I can’t find the link but the virus they took from sick miners to study and what is now called covid-19 were 95-99% the same. A fellow did their masters thesis on it in 2016 or so
Couple of clarifications. (The fact that the term 'Mojiang' does not show up in the comments yet is telling about where awareness currently is on the topic).
1. RaTG13 came from the copper mine in Mojiang in 2013. (The TG in RaTG13 refers to TongGuan, a township in Mojiang, all per Shi Zhengli's accounting of the sequence's provenance).
2. Prior to which and also in 2013, six miners in this same Mojiang mine came down deftly ill with a respiratory illness.

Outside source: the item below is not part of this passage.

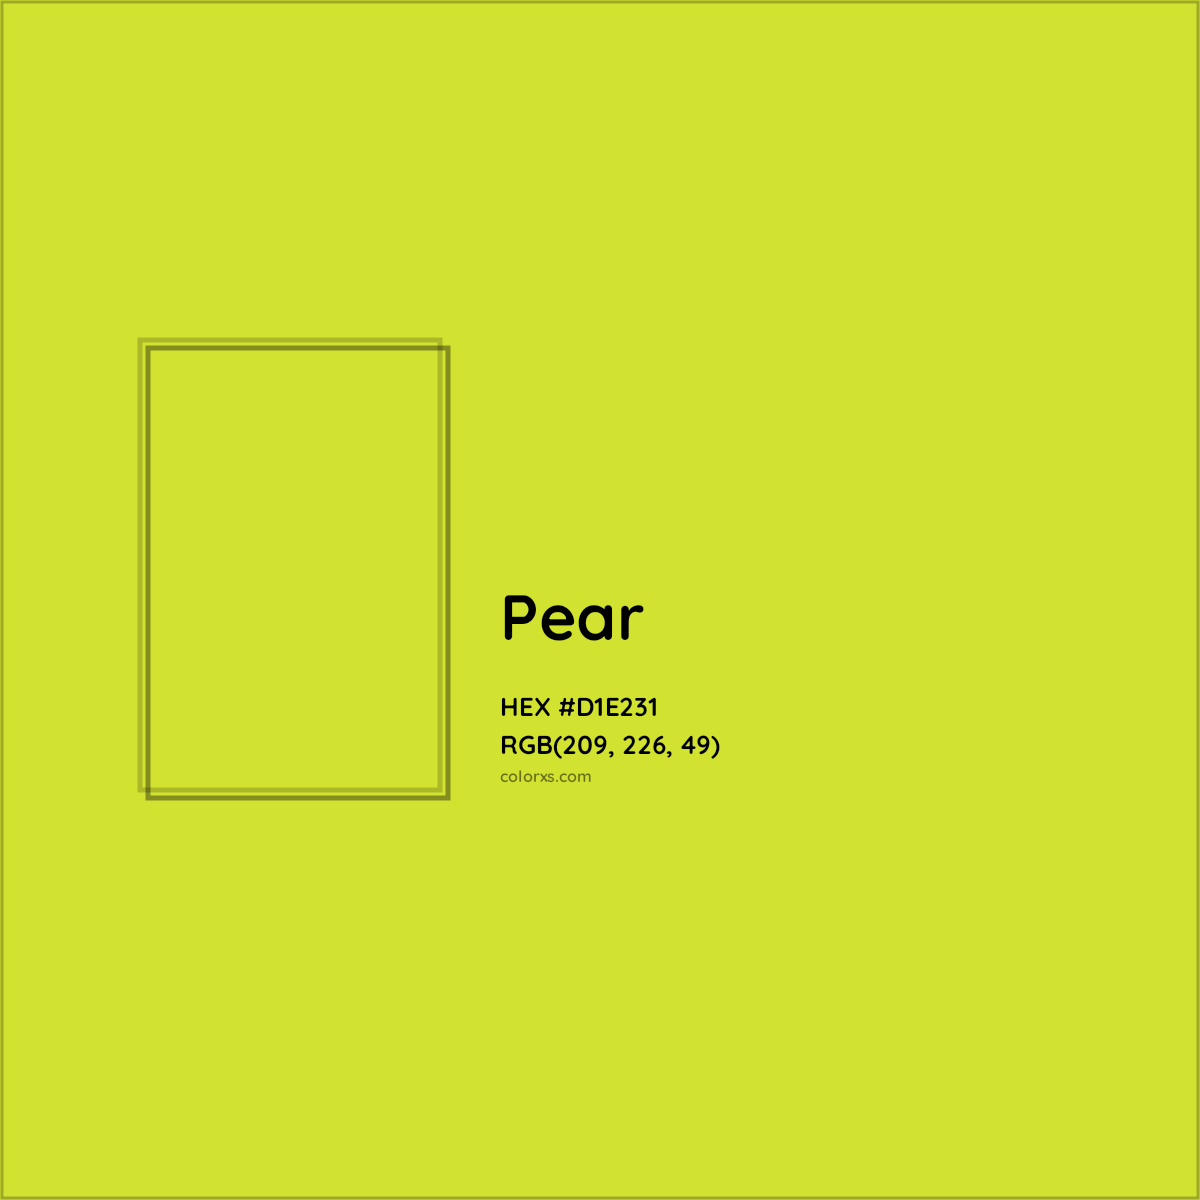 HEX #D1E231 Pear Color - Color Code

Three of them died from their illness.
3. One report on their cases says they had IgM antibodies to SARS. Another report says they had IgG.
4. There's been no data to support Shi Zhengli's assertion that they died of a fungal infection. (That said, independent of her account, there is a background precedent that there have been examples of people who have had strong fungal infections from exposure to bat guano in certain caves).
5. Shi Zhengli's team returned to the same Mojiang cave again and again to sample for viruses from the mine's bats and rodents. (Goal for this and the broad purpose of her teams' research is to demonstrate for pandemic prevention purposes which viruses are evolutionarily close enough to be able to hop to humans).
Multiple coronaviruses gathered from this mine remain unpublished, despite a year into the pandemic and an entire WHO-convened study group to Wuhan.
https://twitter.com/jbloom_lab/status/1372383456081027076?s=...
(source: Bloom Lab of Fred Hutch Institute)
If you're interested in learning more, I would highly recommend following members of the Washington Post-cited DRASTIC team.
The DRASTIC folks, some of them postdocs themselves, have been at this for a year, gathering & archiving evidence like the case reports described above (that unsurprisingly typically become scrubbed from the source after getting brought to light).